The fog predictably closed Cork airport, so poet Bernard O'Donoghue had to be driven from Shannon to UCC in order to deliver his contribution to the university's annual series of lectures celebrating the life and work of WB Yeats.
The 45-minute delay and the parking regulations at and around UCC led to early exits from the Boole lecture theatre, although not before O'Donoghue had begun, mesmerically, to read a selection of poems chosen as examples of his examination of Yeats the love-poet.
And not before the Co Cork-born, Oxford-based O'Donoghue remembered that he first heard this poetry in a recording by Cyril Cusack when spending a year at Presentation Brothers College in Cork city. There he had "fallen under the spell" of teacher Dan Donovan, with the result that he changed his career plan and went on to study English rather than engineering.

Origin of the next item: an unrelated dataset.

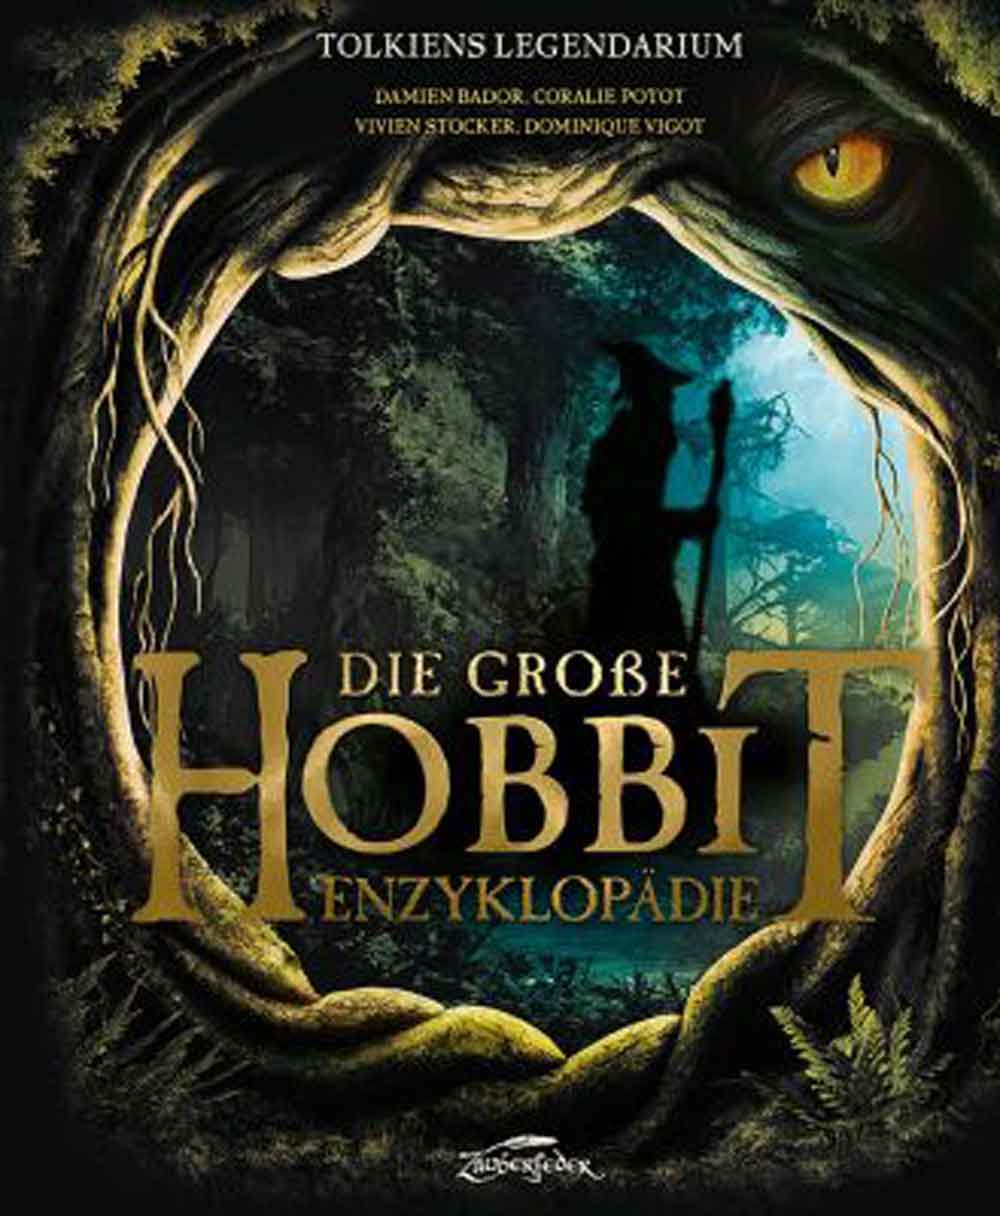 Lesetipps für Gütersloh: »Tolkiens Legendarium – die große Hobbit Enzyklopädie«
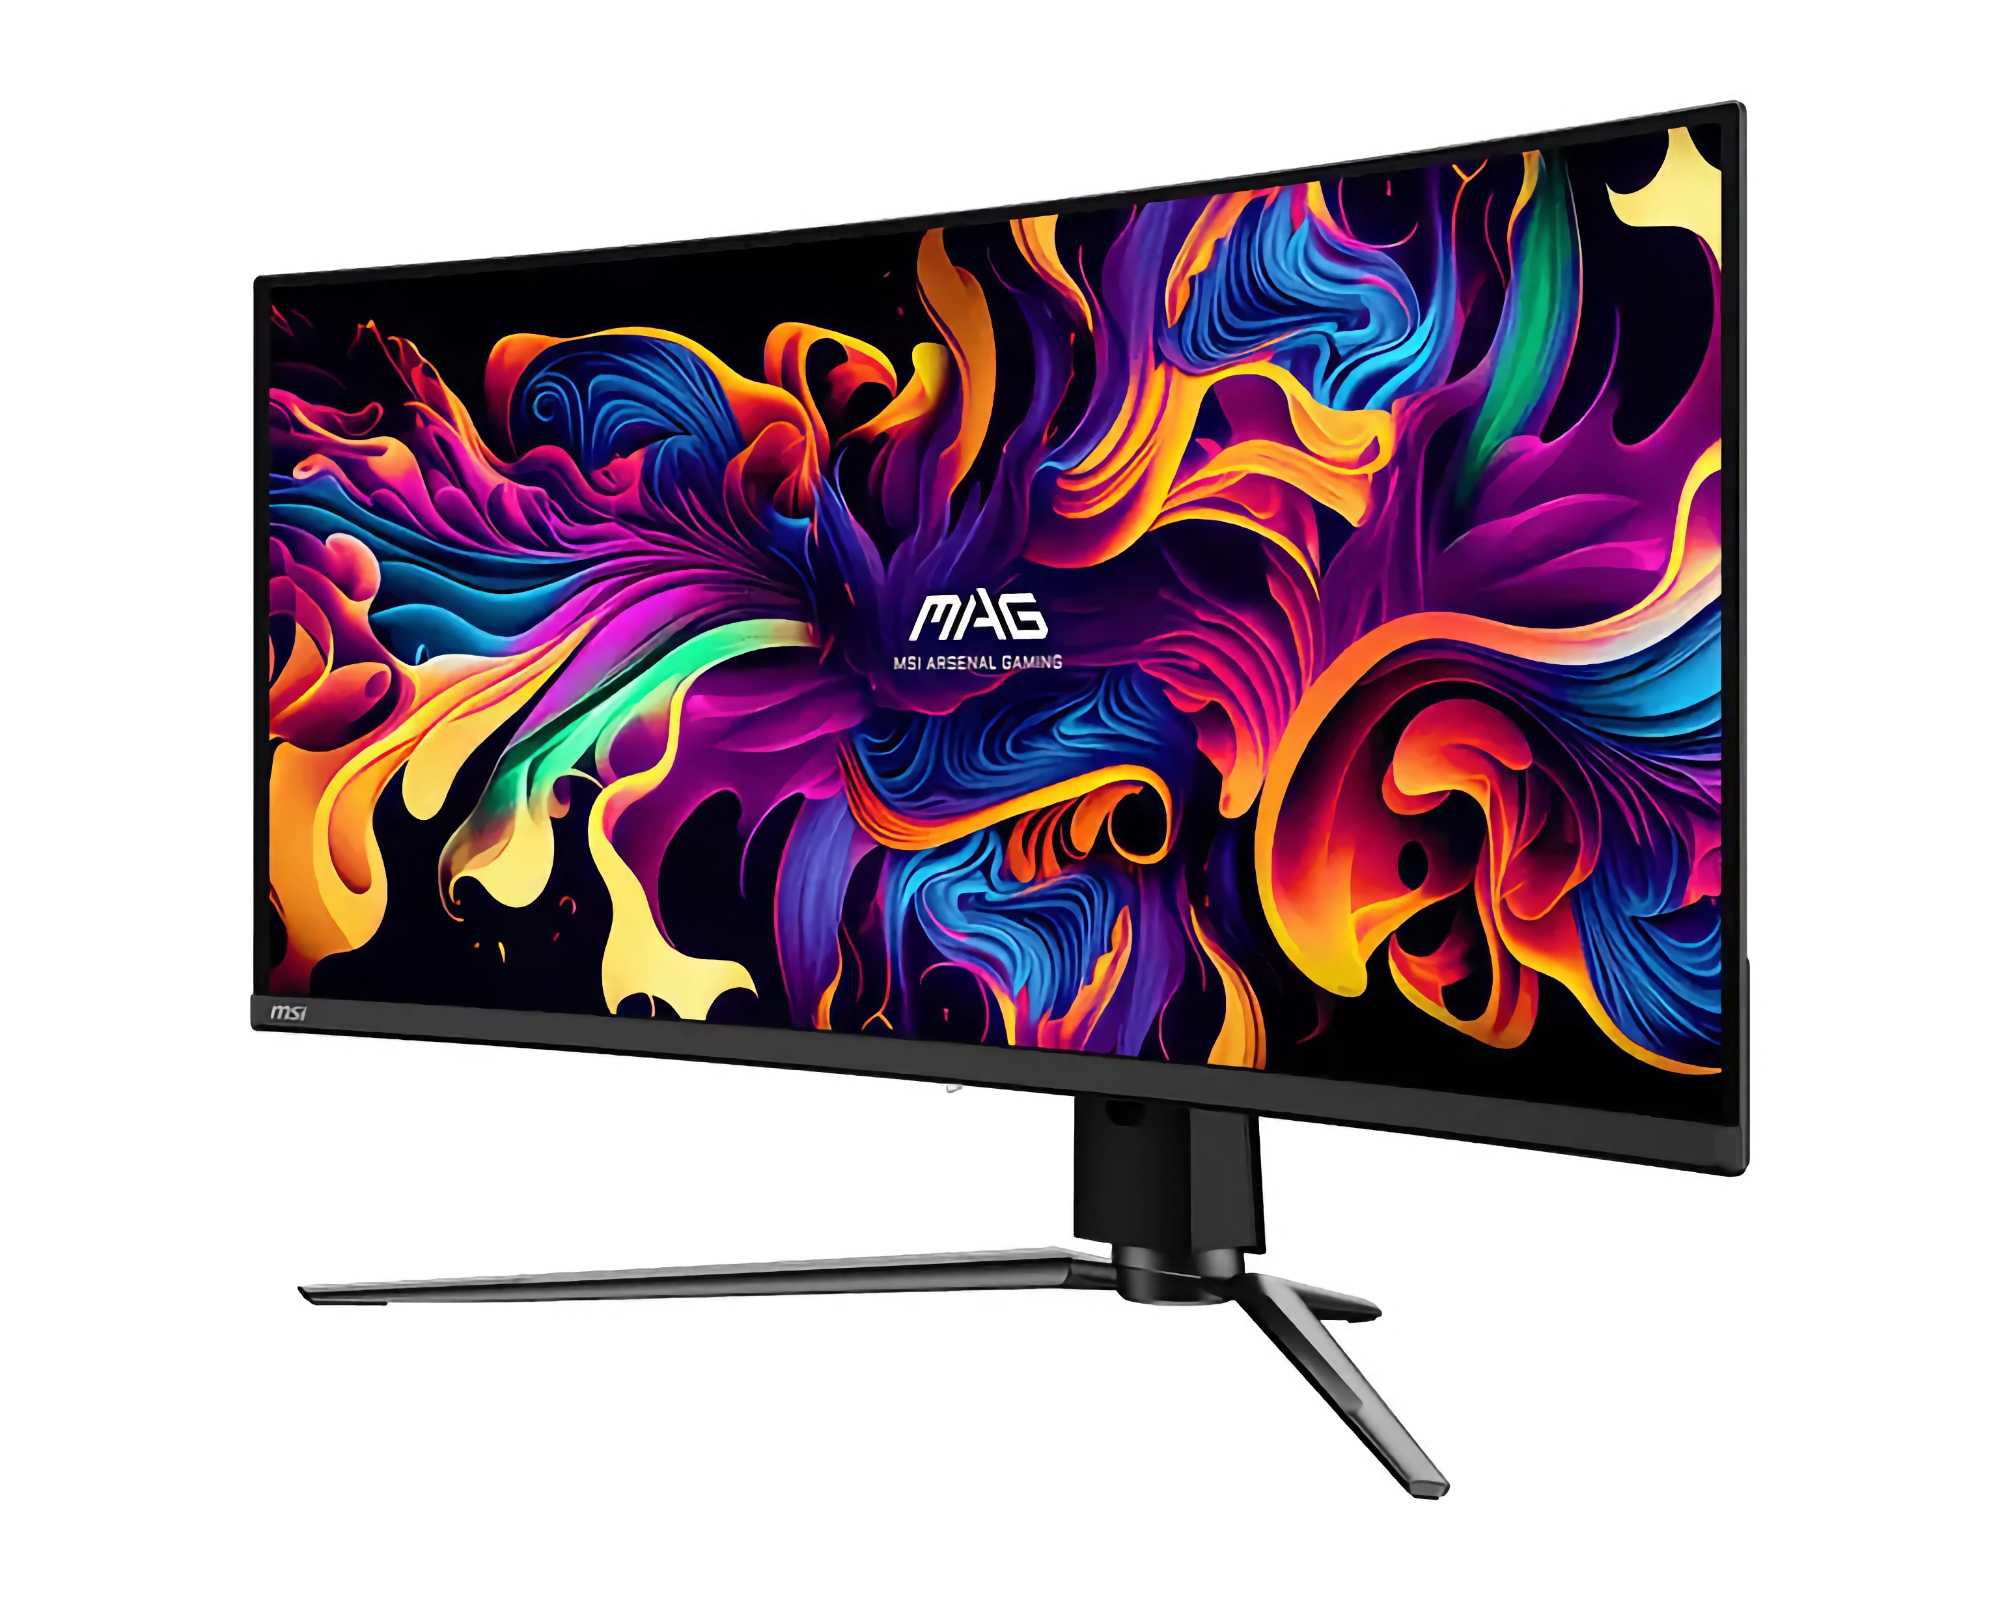 MSI presenta el monitor MAG 341CQP QD-OLED: pantalla curva de 175 Hz

Participating in the annual UCC-ESB International WB Yeats series, O'Donoghue was succeeding his Oxford colleague, historian and Yeats biographer RF Foster, as well as publishing historian Warwick Gould of the University of London. Their papers were available in a stylish office edition and UCC's librarian, John FitzGerald, hinted at an eventual six-lecture commercial publication.
"Literature has to do the decent thing", said O'Donoghue, quoting Yeats. Although this lecture series is not associated with Cork 2005, writers among his audience were heard to ponder the absence of poet John Montague from any strand of the literary programme of 2005, a surprise given Montague's international eminence and local availability.